# AFPA Tai Chi Certification Programs



## bigfootsquatch (May 25, 2007)

http://www.afpafitness.com/store/ad...from=0&zenid=0c12027195a89104ca67c8df0fc80dfc

I'm trying to find good programs to add at my current school. Thoughts, ideas on afpa's tai chi program?


----------



## Xue Sheng (May 25, 2007)

I have no thoughts on it and I would like to keep it that way. I will say I am not a big fan of it based on what I read.

calling "wave hands like clouds" "wave hands like white puffy clouds" says about enough for me.

Do you do taiji?

If so what style and what forms of that style?

How long have you been doing taiji?


----------



## bigfootsquatch (May 25, 2007)

self taught for better or worse 

Simplified 24 short form
Yang Family 108
Yang "style" with fajing
Nine Temple Exercises(more qigong and stretches than tai chi)
-----------------------------------
My school also has a tai chi/wushu based martial art, more for fighting than health

I've been doing the self taught for over a year, and the other for several years. I do not think much of the program from AFPA either, BUT I was hoping others could direct me in a better direction. I only want to add on to the school, not change styles.


----------



## Xue Sheng (May 25, 2007)

Then why AFPA?

If you know Yang style you don't need AFPA and if you do not feel you know Yang style well enough to teach it AFPA will not help and you still don't need it.
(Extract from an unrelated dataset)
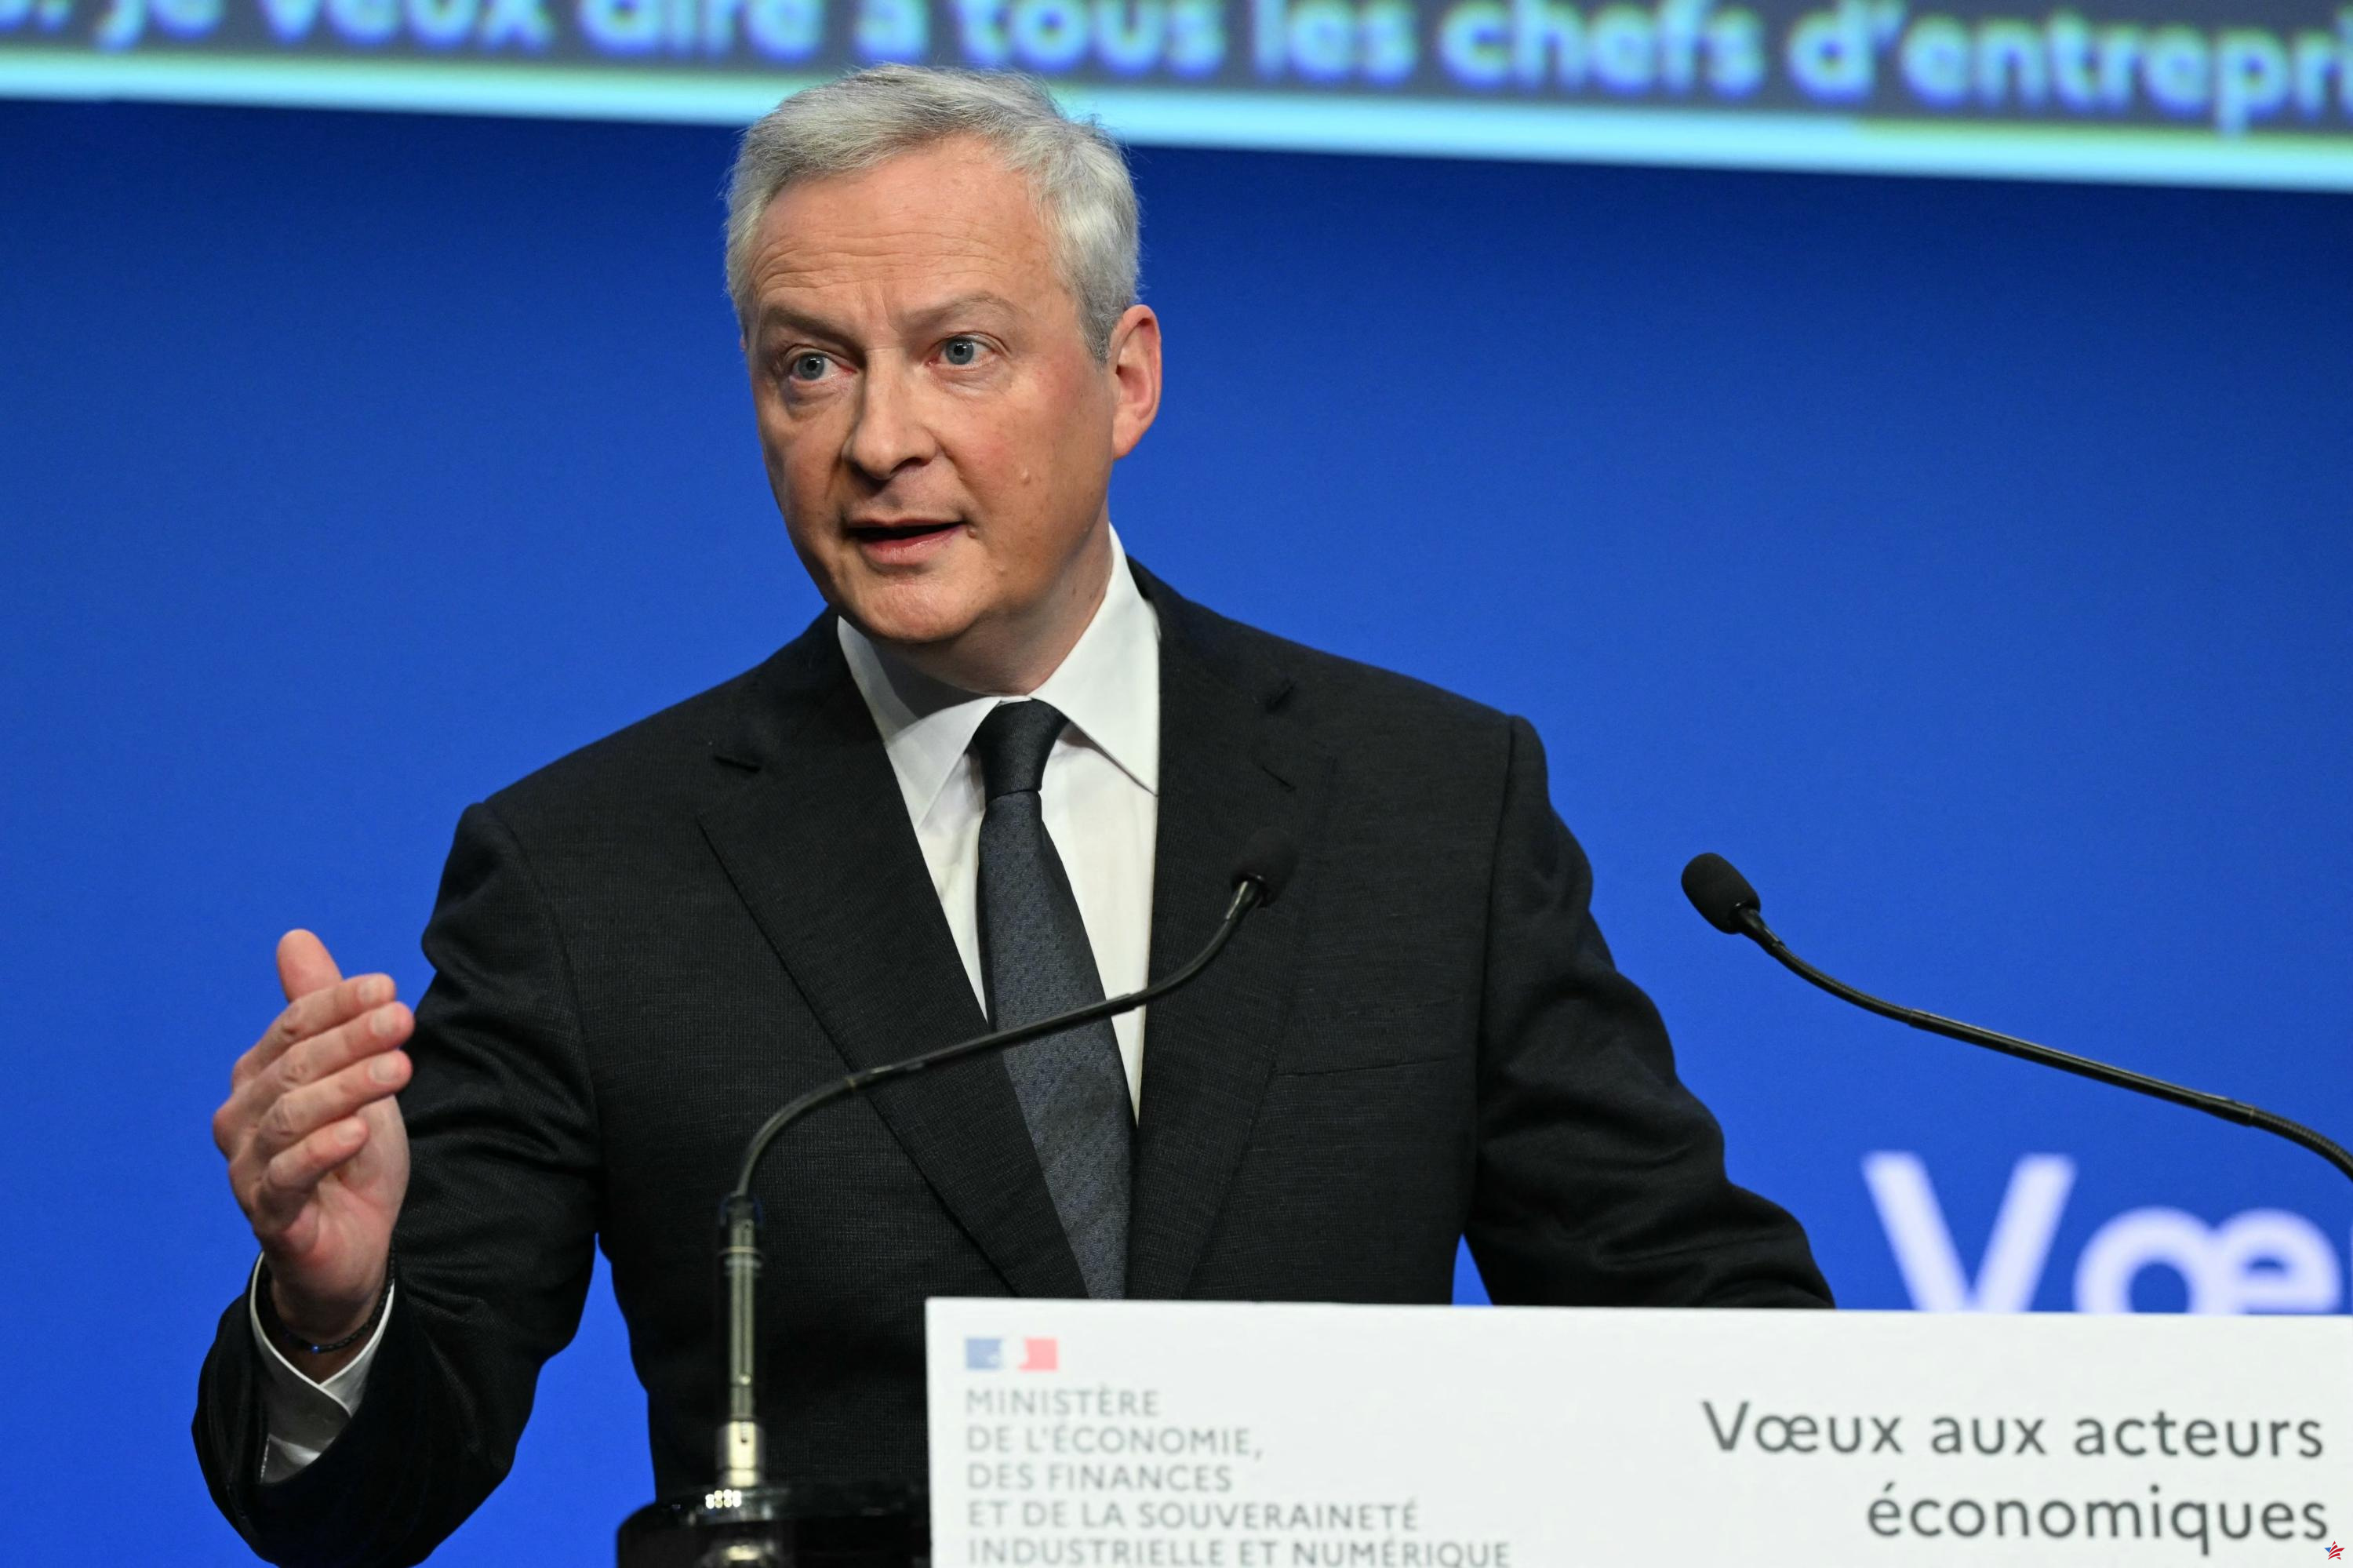 En primavera se presentará al Parlamento una ley sobre el atractivo financiero de Francia, anuncia Bruno Le Maire

You would be better off finding a Sifu and working with him/her for awhile.


----------



## Brian R. VanCise (May 25, 2007)

Xue Sheng said:


> Then why AFPA?
> 
> If you know Yang style you don't need AFPA and if you do not feel you know Yang style well enough to teach it AFPA will not help and you still don't need it. You would be better off finding a Sifu and working with him/her for awhile.


 
This is great advice.  Try to find a Sifu even if only once a month in a private lesson setting.  Good luck.


----------



## JadecloudAlchemist (May 26, 2007)

Dear Bigfoot sometimes the long way is better than the easy way.
Most common soccer yoga mom may not know what AFPA is and you saying your a senior fitness specialist sounds good...
Here lays the problem you may be certified but does the certification hold its weight? Let's say you are certified in Tai chi chuan from them and they think your good enough(I am sure the'll say your perfect for $50) now your teaching students  bad form and unproper knowledge of what is going on and now you are cheating people out of quality training when they think they are getting real teaching. Now if you are ok with that idea well that is your choice however eventually it will leak out. I know you want to be certified and have more programs and personally I think that is fine but there is a correct way of doing it.
Here is an example:
Say a person is  a Tai chi teacher(had a teacher for a good amount of years) and wants to add more programs to offer for his students who are mainly elderly and adults.
His first thought is what direction do I want to take my school and what programs would benefit my Tai chi students.
So let's say he thinks I want to focus more on martial arts for my adult students and more health orient to my elderly students.
So he finds that a first-aid course does not take to long and would be benefical for both. He also decides that he would like to study Ba gua privately for his martial students and focus more on Qigong and mediation for his elderly students. He knows it may take time till he can actually teach his students these forms but when he does it will be correct.

Now this does not mean he can not pursue other areas at the same time in creditable areas such as massage or what have you. Just would have to balance the schedule.

I apologize for such a lengthly post but I would not want someone to be cheated and to me it seems like you have good intent just not the correct method of going about it.


----------



## bigfootsquatch (May 26, 2007)

I dont have a method of going about it. I'm trying to get ideas together.  There aren't any instructors in tai chi close by that I know of. I'm not trying to add a complete tai chi curriculum to the school, since we already do some anyway. I was hoping to find something along the 24 short form or 37 short form level, as most only want health benefits. I am definitely not in the business to scam people though. Have any of you had experience with the AFPA, or have links that discuss it's positive/negative certifications?

If any of you would though, I live in Northeast Louisiana(Bastrop). If any of you know of "good" instructors in the are of any style, then please let me know.


----------



## SifuPhil (May 28, 2007)

Xue Sheng said:


> calling "wave hands like clouds" "wave hands like white puffy clouds" says about enough for me.


LOL!

You forgot "_White Crane Spreads its Wings and Prepares to Fly in Twilight Sky while Clutching a Little Green Fish in his Left Claw and a Couple of Little Twigs for Building his Friend Larry's Nest in his Right_"


----------



## bigfootsquatch (May 31, 2007)

Xue Sheng said:


> I have no thoughts on it and I would like to keep it that way. I will say I am not a big fan of it based on what I read.
> 
> calling "wave hands like clouds" "wave hands like white puffy clouds" says about enough for me.
> 
> ...


 
You got something against puffy clouds?!


----------